I first heard the term ‘Laptime’ coined in the 90’s by Dr. Frances Cress Welsing in, ‘The Cress Theory of Color- Confrontation and Racism,’ encapsulated in her ground breaking book ‘The ISIS Papers, The Keys To The Colors.’ Dr. Frances Welsing was an American Afrocentrist Psychiatrist and in her book drew upon the story of the well loved and revered Egyptian Goddess Isis.
FYI: the name Isis is a Greek corruption as the true Egyptian pronunciation is unknown because Egyptian hieroglyphics only recorded consonants and left out vowels .
Isis was one of the main characters of the OSIRIS myth, in which she resurrects her slain husband, the divine king, Osiris, and produces and protects his heir, Horus. She was believed to help the dead enter afterlife as she had helped Osiris, and she was considered the divine mother of the Pharaoh, who was likened to Horus. A truly restorative and healing story, especially for black folks in these times, with man’s continuing inhumanity to man- an inhumanity that very much includes himself seen as we are all members of the one human race, irrespective of our differences.
FYI: the Goddess Isis is also very similar to the Virgin Mary and the story of Christ, and his death and resurrection, and predates it…food for thought…go see…
Also, please see my blog/poem: Sweet but Street, which thinking about it now, is a tribute to this Goddess and her benevolent spirit in women.
Anyway, Dr. Frances Cress Welsing used the term ‘Laptime’ when she was talking about young people becoming sexually active before they are psychologically ready to, and emotionally grown enough to be parents. Many of these children came/comes from poverty- stricken inner cities. She argued that what these children/young people were/are seeking in such relationship was/is not sex per se, but comfort, security, protection and love. They were seeking that which they were not getting from home, which all children need for optimal human development; much like a plant will lend itself to being bent out of shape to find and receive the daylight it needs, which has been placed out of reach. Such is the Life-force within living things.
Laptime, regular quality time spent on (their) parents/caregivers’ laps, in their loved one’s presence, feeling in those moments body to body warmth; feeling in those moments safe and secure, a much needed buffer- as well as little piece of heaven- in a hostile world, is as important to humankind as is food to eat..
Houses have to have loving, caring, present and aware people living in them to make them mostly happy homes.
I was one of those emotionally (and otherwise) deprived inner city child, who constantly longed for the warmth provided by being in close proximity to another warm-bloodied soul. I too had been terribly starved in these quarters. That deprivation was the motivating force behind my decision to have a child at 17 years old. I desperately wanted to give, and have my love received, by another human being. I wanted and needed to know how that feels. I wanted and needed to know what difference that would make to human life, not having experienced much of it myself. This is also one of the reasons why I am a counsellor today. I remember clearly making that decision at the age of 21 years old when I put myself into therapy and experienced being given to in that special, gentle and attentive way. The experience made me so want to be in the position to give that gift of emotional Presence to persons in need.
Whilst reading Dr. Frances Cress Welsing’s book in the 90’s, the concept of Laptime helped me to see the unmet need behind young people engaging in grown up activities, not having been children for long. It helped, and still helps me, to take the judgement out of those kinds of psychosocial situations; it helps take the judgement out of ‘external appearances’ of what could be – and is oftentimes deemed- very poor choices.
At this present time, I’ve been needing me some Laptime, some ‘time out of mind’ where I come down, and ground, after being out in the rat race and engaging in adult things for too long. I need Laptime so I can spend good quality restorative time with myself, centred at home inside my body, close to an inner silent source and knowing, that sustains & comforts me..

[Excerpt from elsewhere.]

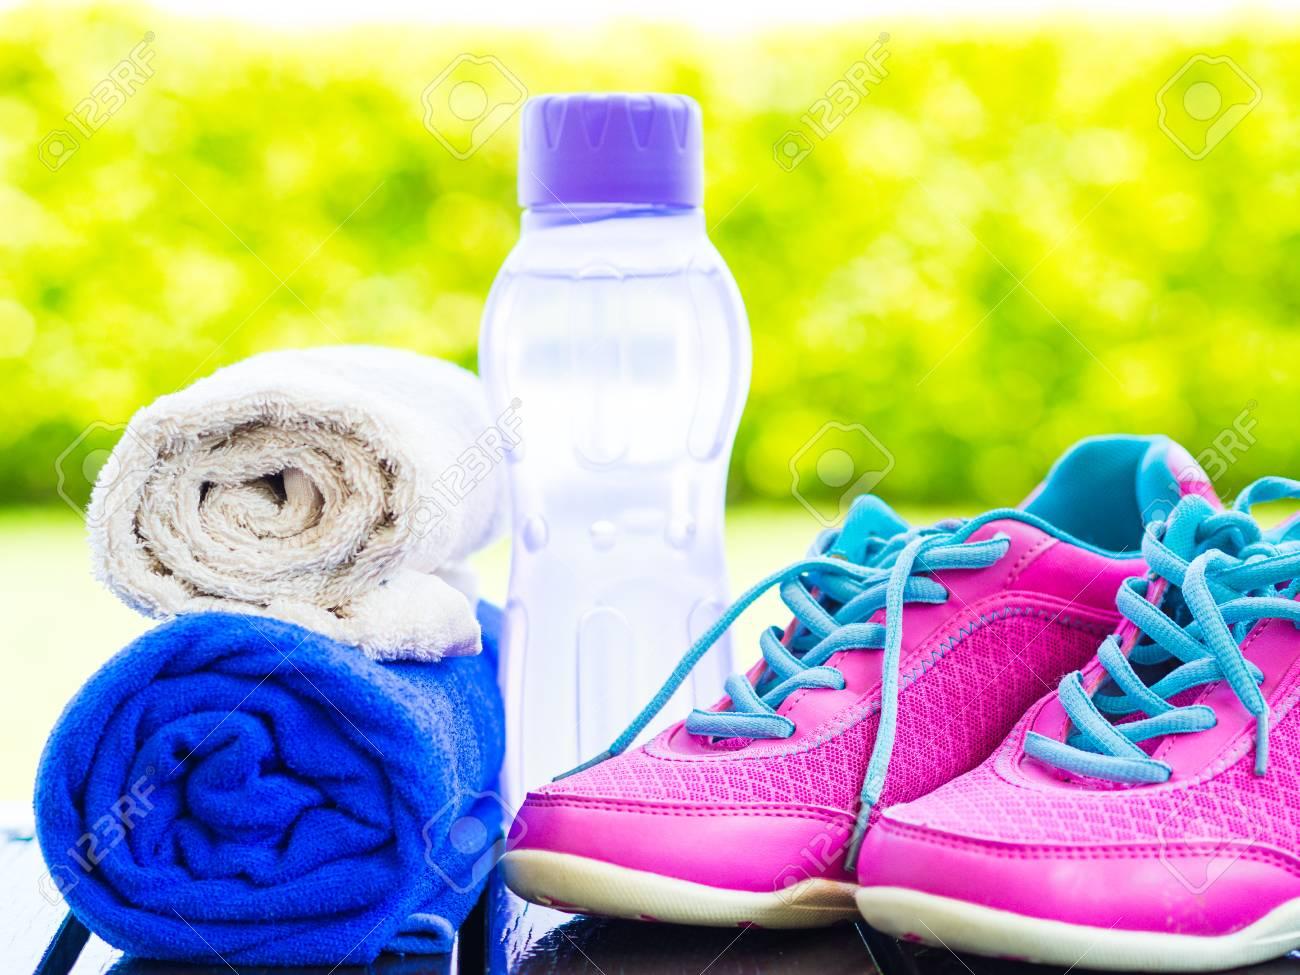 Paire Chaussures Sport Sur Rose Fnhpw De D'eau Bouteille Serviette K1JTlcF

This ‘coming down time’ does not come easy for me, what with this emotional/self-regulation, never having been passed down and learned from my caregivers/parents at the opportune childhood time. Laptime for me is Life’s work, a work very much in progress. But I will give myself props, because in this area I have come a very long way. I am much better at being with myself and feeling the sweet comfort in doing nothing – just simply being. Being in ‘the moment’ and smelling the rose of ‘In the greater scheme of things, all is well indeed,’ of which I am eternally grateful, given those meagre beginnings…
Learning to stop often for Laptimes such as these, where nothing is taken for granted, and the whole of me rejoices in ‘good-enough being,’ is a blessing; a blessing I make time to embrace whenever my mind is empty-enough of its contents, to fully receive the amazing grace of Presence: Presence of mind, Presence of heart, Presence in being.
This Laptime, like the Goddess Isis, brings mind body & soul back into a unified whole, restored and preciously held, in its One True Self, the One the Lord looked back on, and was Well Pleased with.
So, Be Still & Know…You are loved, as you are. No need to run away and deny yourself. Be The blessing you already are by simply being, Here.